Sequence Databases

Information on relevant sequence databases can be found by following the links below. Additionally, the first issue every year of Nucleic Acids Research contains status reports from the curators of the major databases.

dbEST

dbEST is the division of GenBank that contains "single-pass" cDNA sequences, or Expressed Sequence Tags, from a number of organisms.

DDBJ

Entries from the DNA Databank of Japan (DDBJ) are wholly incorporated into GenBank.

EMBL

The EMBL Nucleotide Sequence Database is a comprehensive database of DNA and RNA sequences collected from the scientific literature and patent applications and directly submitted from researchers and sequencing groups. Data collection is done in collaboration with GenBank (USA) and the DNA Databank of Japan (DDBJ).

GenBank

GenBank is the NIH genetic sequence database, an annotated collection of all publicly available DNA sequences. There are approximately 1,622,000,000 bases in 2,356,000 sequence records as of June 1998. The complete release notes for the current version of GenBank are available by FTP. A new release is made every two months. GenBank is part of the International Nucleotide Sequence Database Collaboration, which is comprised of the DNA DataBank of Japan (DDBJ), the European Molecular Biology Laboratory (EMBL), and GenBank at NCBI. These three organizations exchange data on a daily basis.

MSDB

MSDB is a non-identical protein sequence database maintained by the Proteomics Department at the Hammersmith Campus of Imperial College London. MSDB is designed specifically for mass spectrometry applications.

NCBInr

NCBI maintains composite, non-identical protein and nucleic acid databases for their search tools BLAST and Entrez.
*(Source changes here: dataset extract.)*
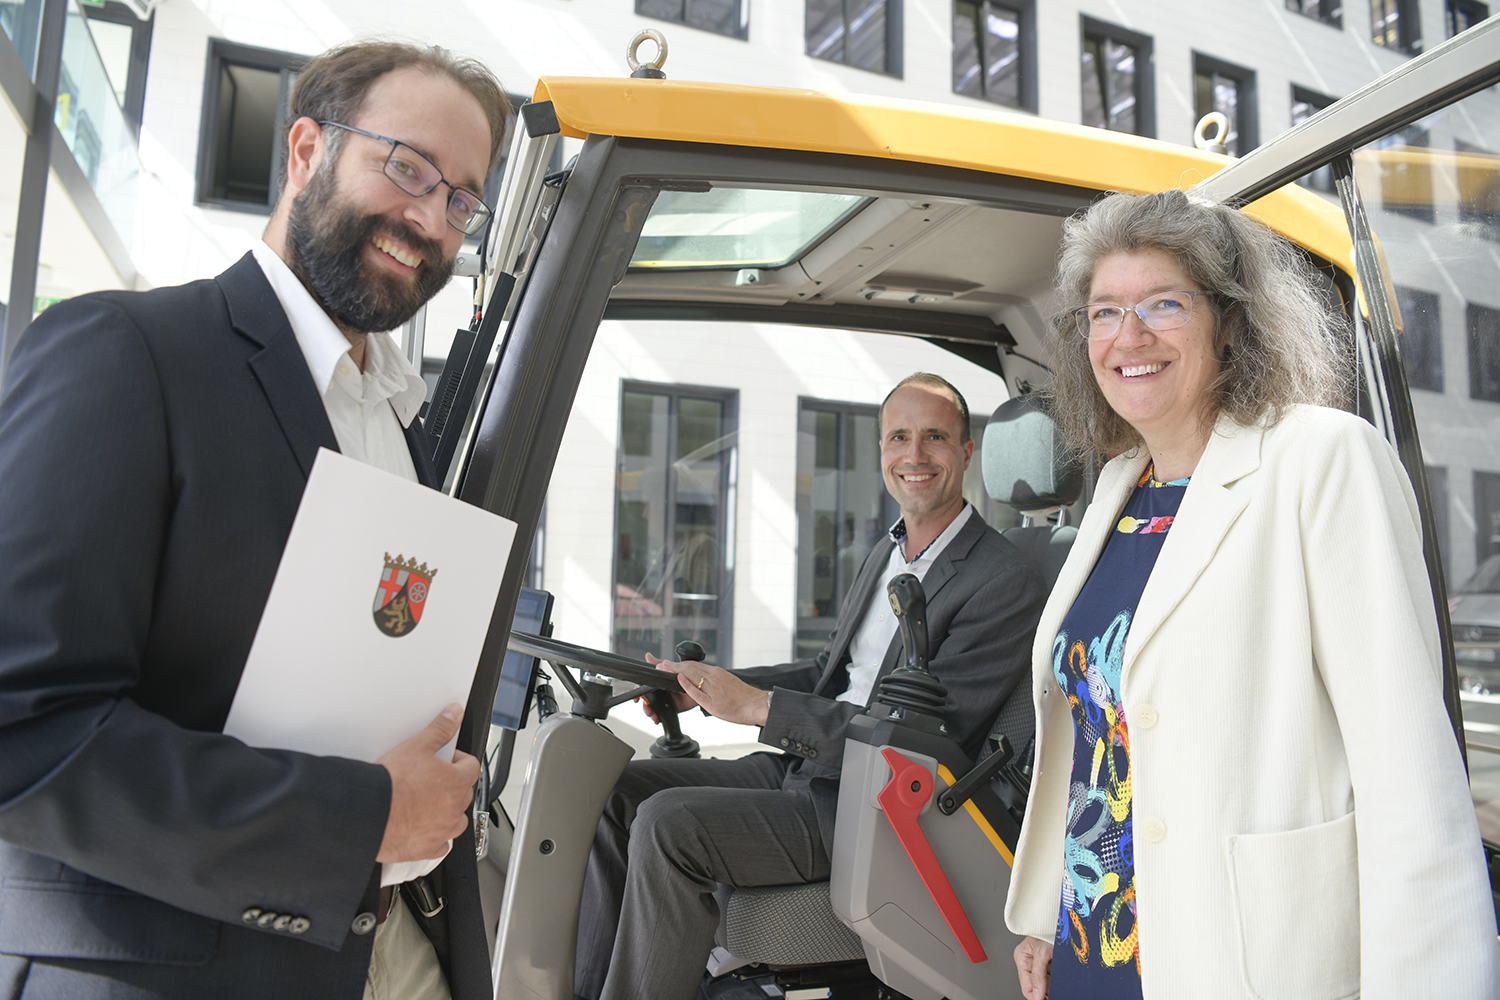 Wissenschaftsminister Clemens Hoch testet die Baggerkabine des Fahrsimulators; links Dr. Michael Burger, Koordinator des geförderten Projektes, und rechts die Leiterin des Fraunhofer ITWM, Prof. Dr. Anita Schöbel. 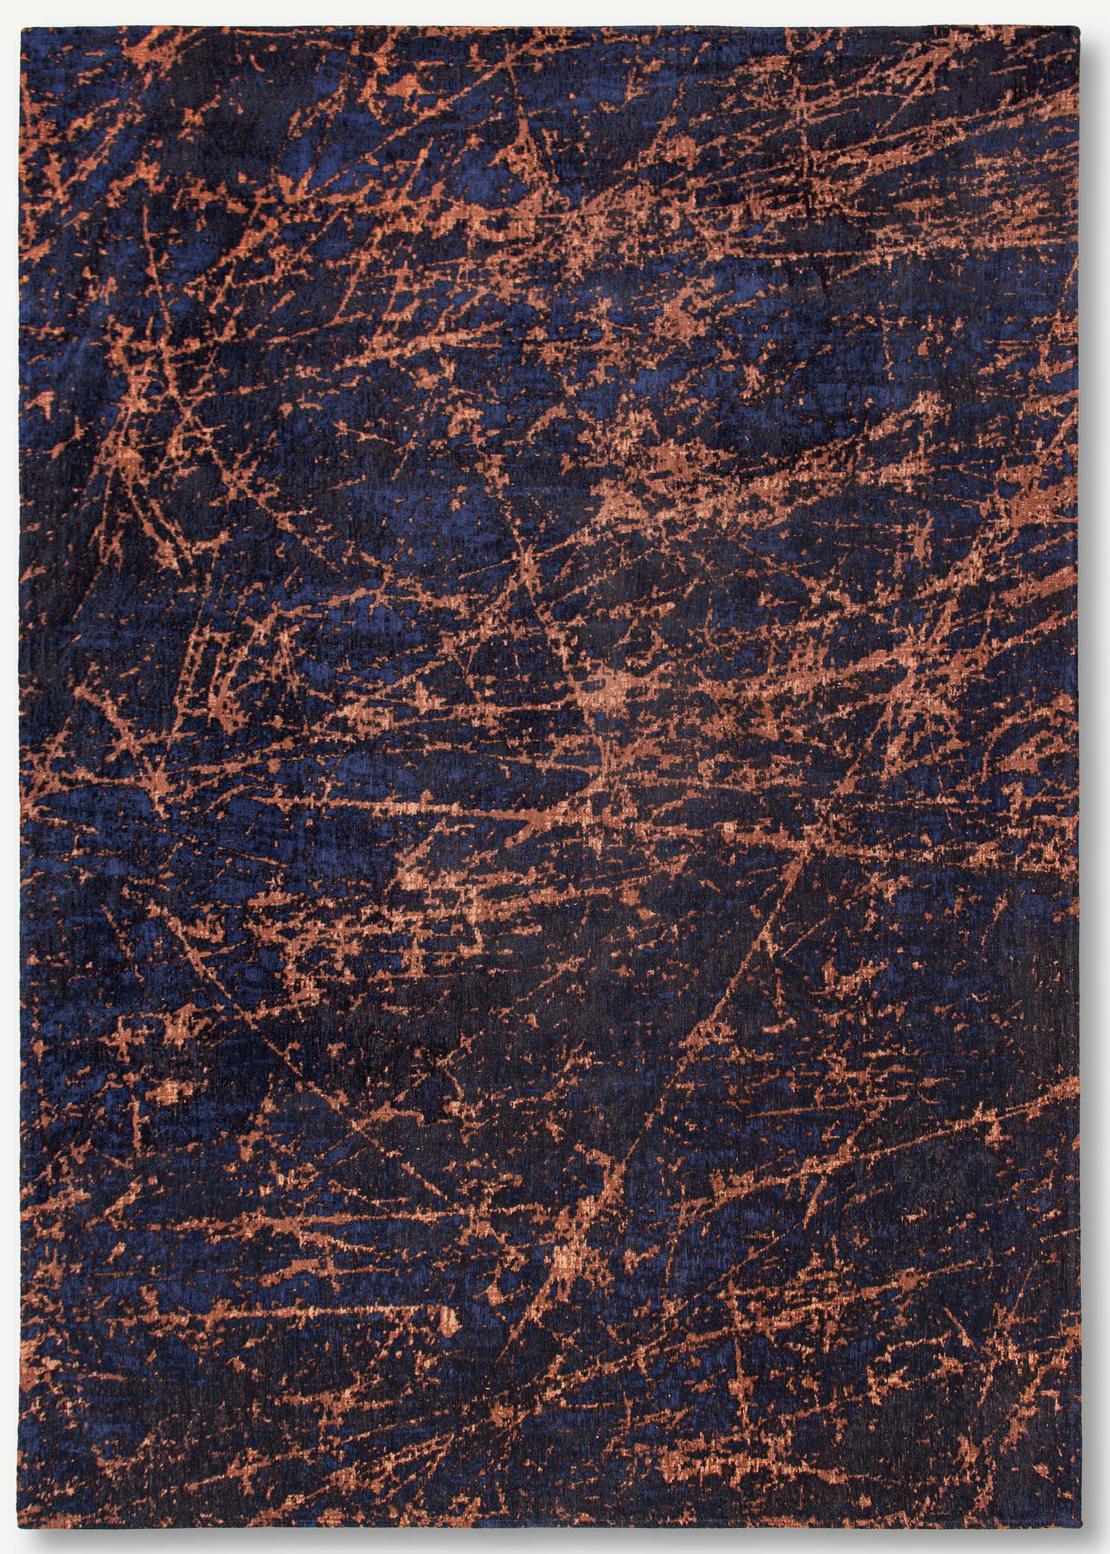 Art Black & Orange Belgian Rug ☞ Size: 5' 7" x 8' (170 x 240 cm)

The entries in the protein database, nr , have been compiled from GenBank CDS translations, PIR, SWISS-PROT, PRF, and PDB. NCBI has made strong efforts to cross-reference the sequences in these databases in order to avoid duplication.

OWL

OWL is a non-identical composite of four publicly-available protein databases: SWISS-PROT, PIR (1-3), GenBank (translation) and NRL-3D. OWL has not been updated since May 1999, and should be considered obsolete.

PDB

The Brookhaven Protein Data Bank (PDB) is a database of three-dimensional structures. This means that entries are invariably well characterised, with reliable sequence data which can also be found in the other databases. Entries which are unique to PDB tend to be variant proteins, with distorted structures, which were used to refine a structural determination.

PIR

The PIR (Protein Information Resource) database was initiated at the NBRF in the early 1960's by the late Margaret O. Dayhoff as a collection of sequences for the study of evolutionary relationships among proteins. The database is now an international collaboration of three data centers: the NBRF, the Munich Information Center for Protein Sequences (MIPS), and the Japan International Protein Information Database (JIPID). The three centers cooperate to produce and distribute a single database of `wild-type' protein sequences.

PRF

The Protein Research Foundation of Japan database contains protein sequences abstracted from scientific publications.

Swiss-Prot

Swiss-Prot is a curated protein sequence database which strives to provide a high level of annotations (such as the description of the function of a protein, its domains structure, post-translational modifications, variants, etc), a minimal level of redundancy and high level of integration with other databases. It was established in 1986 and has been maintained collaboratively, since 1987, by the Department of Medical Biochemistry of the University of Geneva and the EMBL Data Library (now the EMBL Outstation of The European Bioinformatics Institute - EBI).